Perhaps you could be more specific about the environment, the architecture, and what it is you're trying to do?
In response to your update (possibly having thousands of users all performing an action at the same time that requires you to send one or two SMS messages for each):
This sounds like exactly the kind of scenario where you should be using Message Queuing. It's actually not too difficult to set up a solution using WCF. Some of the main reasons why one uses a message queue are:
There are a large number of messages to send;
The sending application cannot afford to send them synchronously or wait for any kind of response;
The messages must eventually be delivered.
And your requirements fit this like a glove. Since you're already on the Microsoft stack, I'd definitely recommend an asynchronous WCF service backed by MSMQ.
If you are working with SOAP, or some other type XML request, you may not have an issue dealing with the level of requests in a loop.
I set up something similar using a SOAP server with 4-5K requests with no problem...

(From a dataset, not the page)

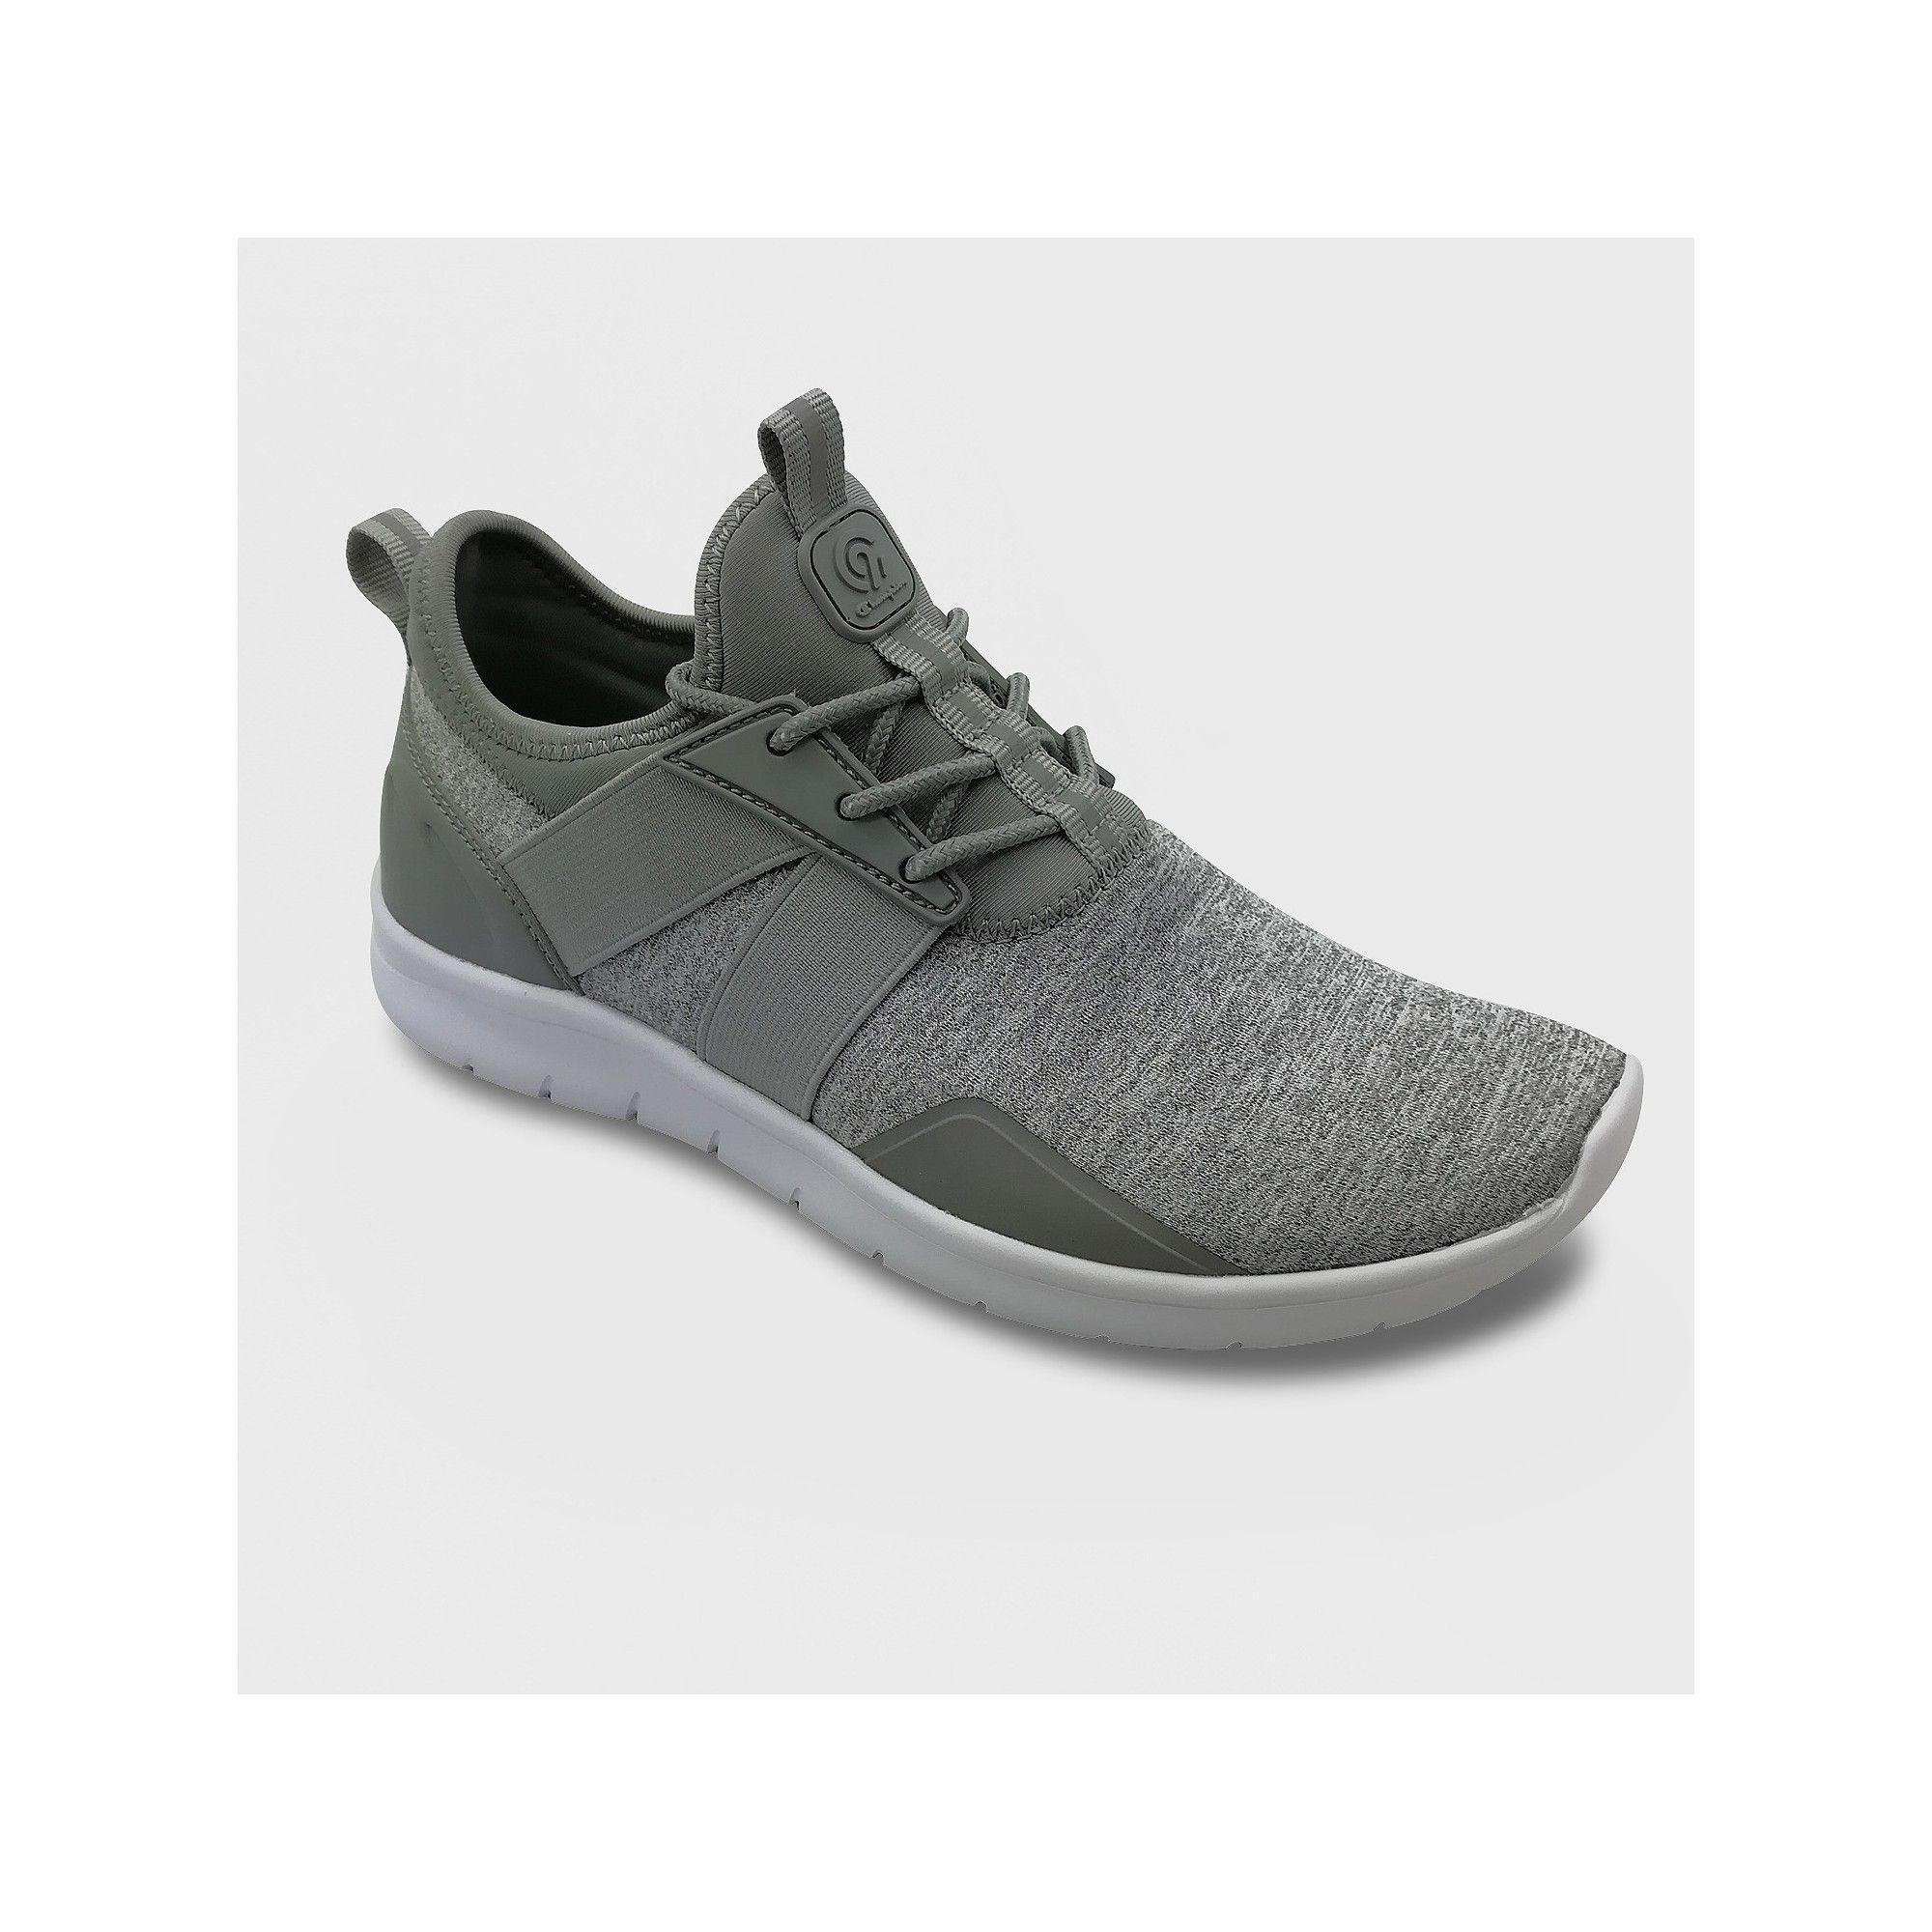 66e6551c Women's Drive 4 Spacedye Wide Width Heathered Sneakers - C9 Champion Gray  7.5W
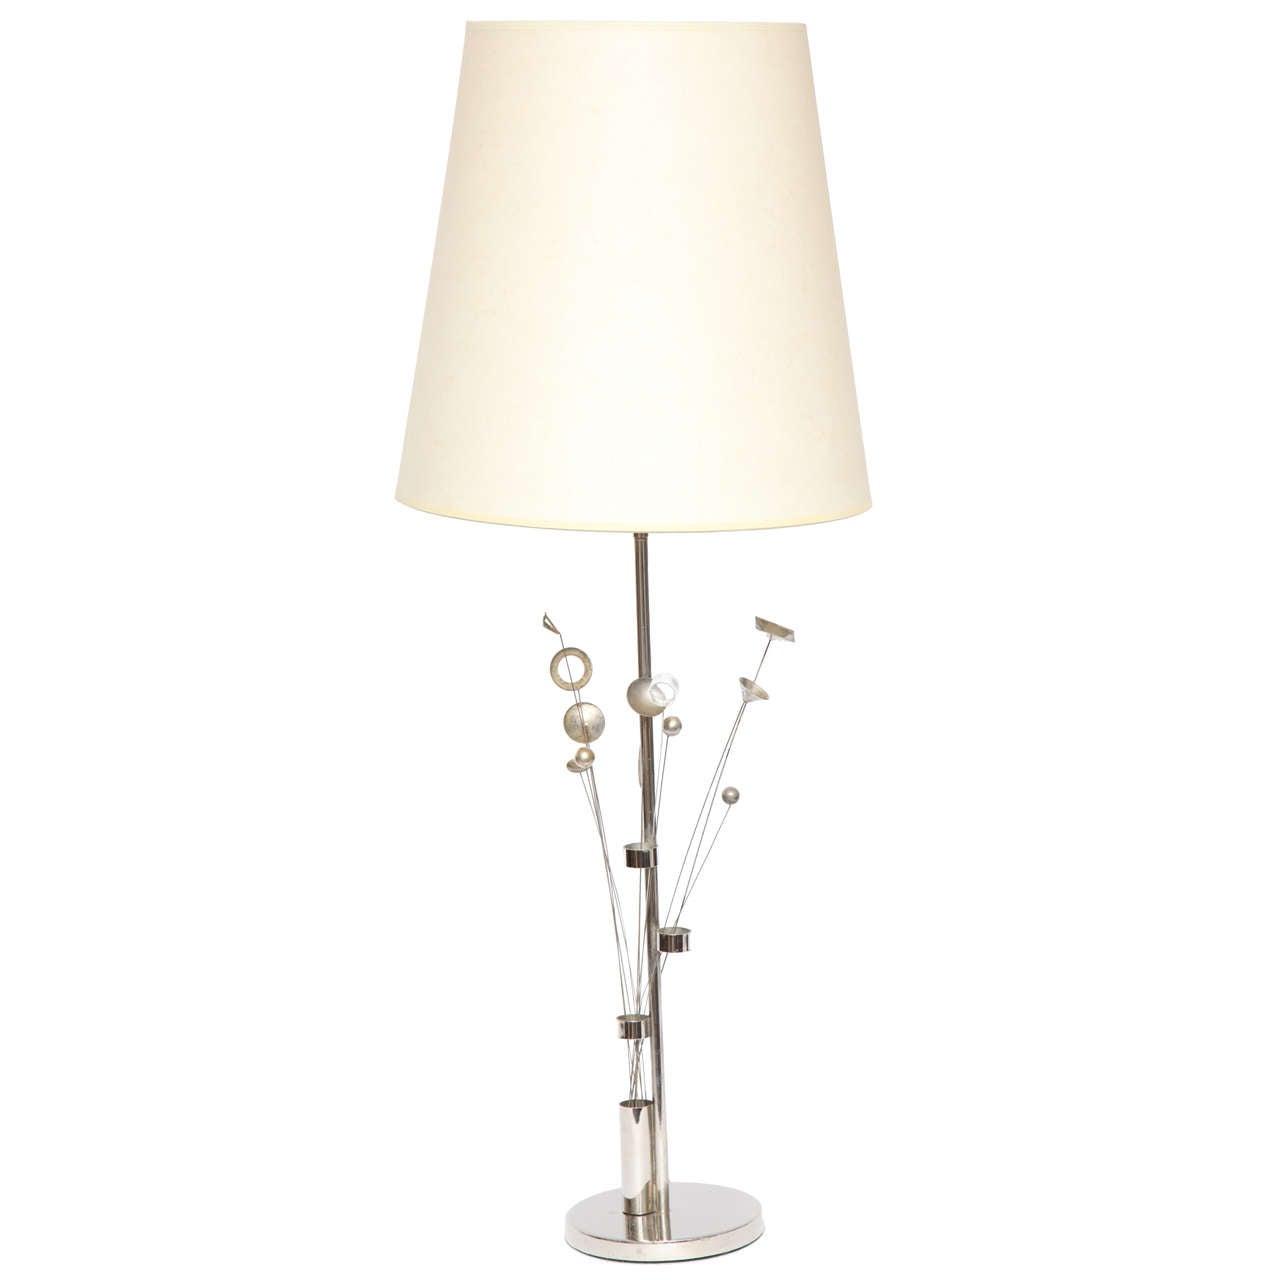 1960s Italian Sculptural Kinetic Table Lamp

A SOAP request to a web service (assuming .NET 2.0 and superior) looks something like this:
WebServiceProxyClient myclient = new WebServiceProxyClient();
myclient.SomeOperation(parameter1, parameter2);
myclient.Close();
I'm assuming that this code will will be embedded into your business logic that you will be trigger as part of the user initiated action, or as part of the scheduled task.
You don't need to do anything especial in your code to cope with a high volume of users. This will actually be a matter of scalling on your platform.
When you say 10.000 request, what do you mean? 10.000 request per second/minute/hour, this is your page hit per day, etc?
I'd also look into using an AsyncController, so that your site doesn't quickly become completely unusable.